1. Initial Written Assessment & Planning
Before your first session, you complete a brief written intake.
This allows us to understand your experiences, needs, and goals.
I provide psychoeducation about the process, helping you know what to expect and how this work can support trauma and nervous system regulation.
2. Tailored Art Materials Kit
Once your intake is complete, you receive a kit of art materials chosen to support exploration and expression.
Materials are curated for texture, colour, and sensory engagement, suited to your creative style and needs.

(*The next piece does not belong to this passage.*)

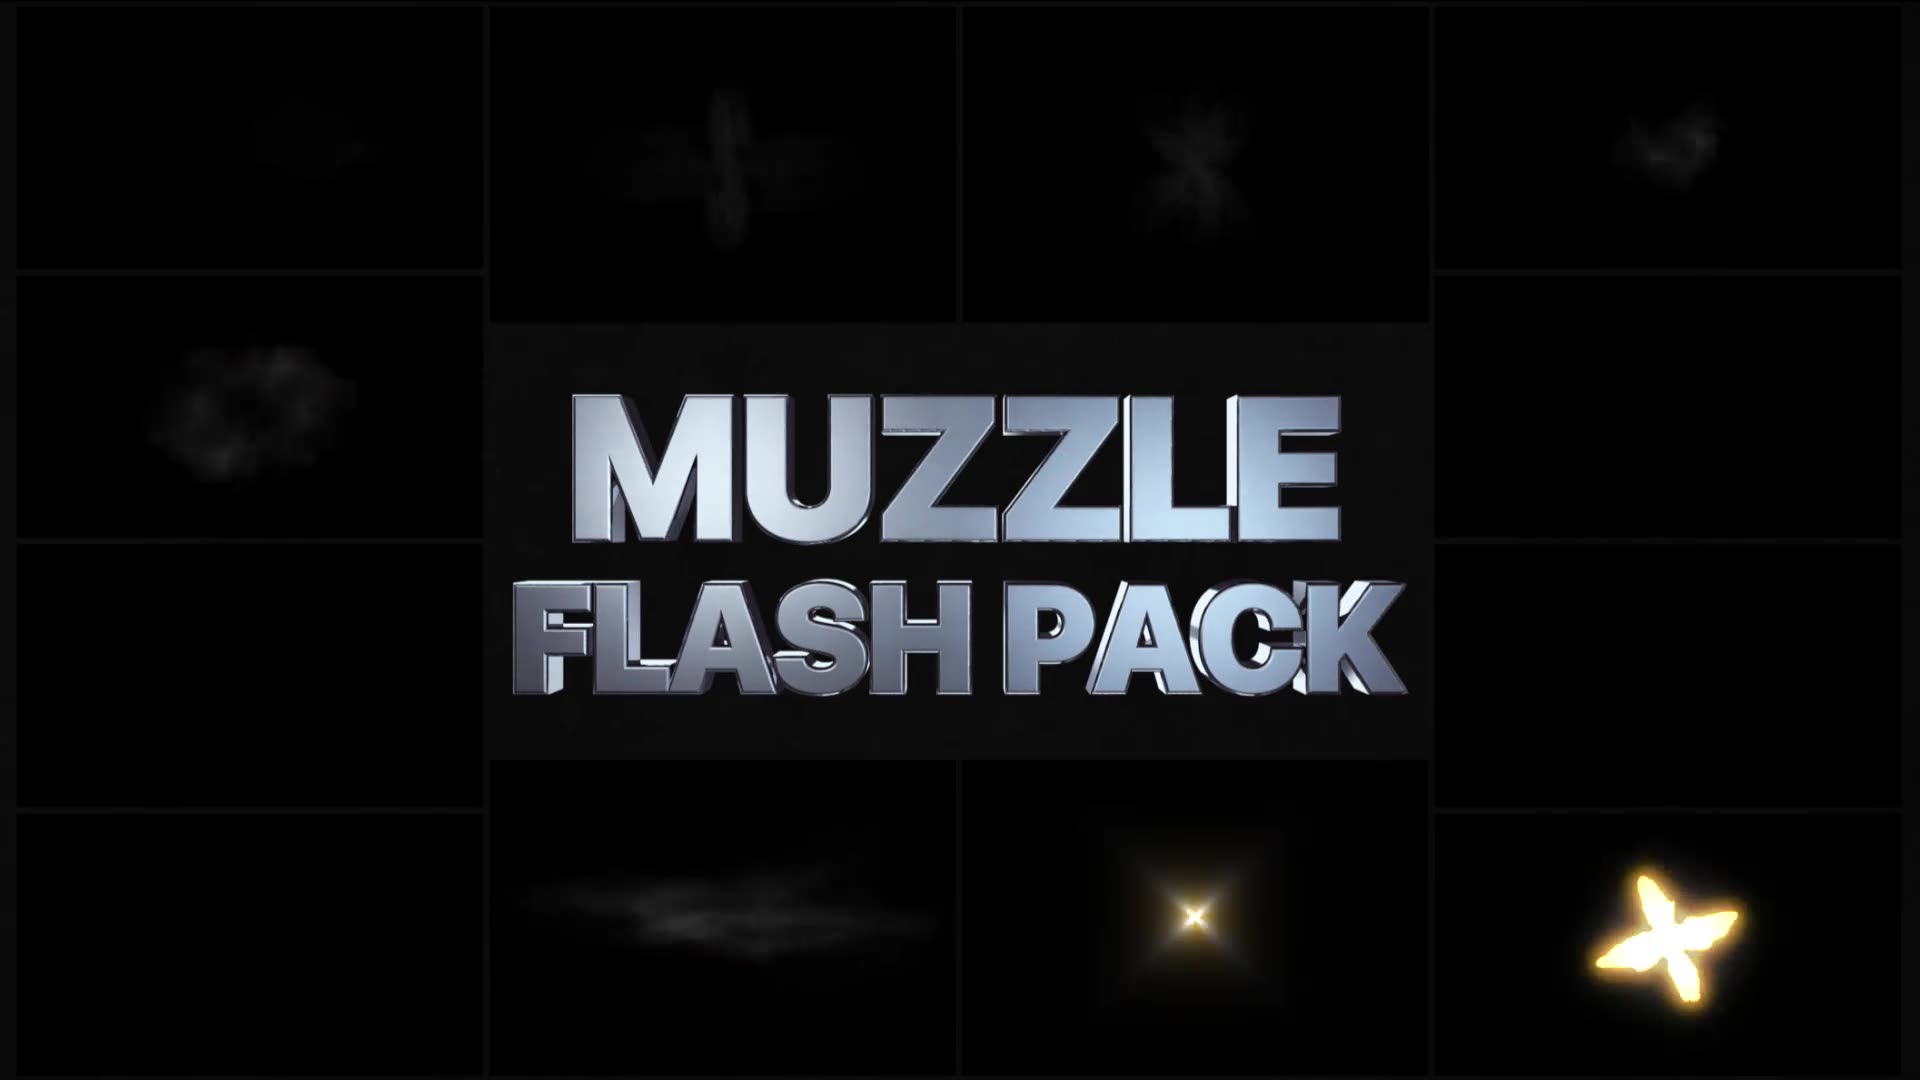 Muzzle Flash Pack | Premiere Pro MOGRT Videohive 29238154 Premiere Pro Image 2

Everything is ready for immediate use in your online sessions, no additional shopping or preparation required.
3. Weekly 60-Minute Online Sessions
Each session is held via a secure video platform.
We meet weekly, maintaining consistency, safety, and continuity.
Sessions are open-ended: some may be quiet, reflective, or deeply symbolic; others playful, surreal, or even humorous.
Art-making leads the session. Words are welcome but not required. Images and materials often become the primary language.
4. Exploration & Processing
Art serves as a way to access feelings, memories, and sensations that may be hard to put into words.
The process is trauma-informed: pacing, safety, and regulation are prioritised at every step.
The work supports integration, self-expression, and emotional insight, without pressure to “perform” or create something polished.
5. Reflection & Integration
After each session, there is space to reflect on the work if you wish.
We explore patterns, symbols, or emerging insights gently, respecting your pace and nervous system.
Reflections can be verbal, written, or simply noticed internally.
6. Ongoing Support & Continuity
Sessions are designed to build over time.
The weekly rhythm helps establish trust, safety, and a sense of containment.
This continuity supports transformation, allowing trauma and neurodivergent experiences to be processed in a sustained, creative way.
7. Open-Ended Journey
There is no fixed endpoint. The process grows as you do.
Art is your companion and guide, carrying insight, emotion, and imagination safely.
The work is both therapeutic and deeply personal, uniquely shaped by your neurodivergent perspective.
Art Therapy Deep Dive
Art as language, therapy as presence: for neurodivergent women seeking to meet their own experience deeply and gently
This is a therapeutic space designed for neurodivergent women, where creative expression becomes the primary language of trauma work. Each 60-minute session is held within a strong, reliable therapeutic frame, offering consistency and safety, while allowing what unfolds inside that frame to be led by image, mark, material, symbol, and metaphor. Words are welcome, but they are not required to come first, and they are never forced.
Many neurodivergent women carry trauma that lives beyond language, shaped by chronic misunderstanding, masking, relational rupture, sensory overwhelm, or years of having to adapt to systems that were never built with them in mind. In this work, art-making offers a way to approach these experiences indirectly, without having to narrate or justify them. Images can hold complexity, contradiction, and intensity in ways conversation alone often cannot.
Sessions may feel quiet and contained, or playful, strange, humorous, or dreamlike. We might stay with one image over time, letting it change as your relationship to it shifts, or allow something new to emerge week by week. Meaning is not rushed or extracted; it is allowed to surface gradually, at a pace that respects both your nervous system and your neurotype.
This approach draws closely on Jungian art psychotherapy, where images are understood as living psychological material rather than illustrations of symptoms. Creative work becomes a way of meeting trauma without re-enactment or overwhelm, allowing symbolic distance while still supporting depth and integration.
You do not need to be “good at art”, nor to arrive with insight, clarity, or the right words. There is no expectation to produce anything finished or aesthetically pleasing. The focus is on process, presence, and relational safety — with the materials, with the images that emerge, and within the therapeutic relationship itself.
I usually work with clients on a weekly basis, as continuity and predictability are especially important in trauma-informed work with neurodivergent women. Returning regularly to the same therapeutic space supports trust, regulation, and a sense of reliability, allowing the work to deepen over time. This is an open-ended therapeutic process, where transformation grows through steady engagement rather than pressure or performance.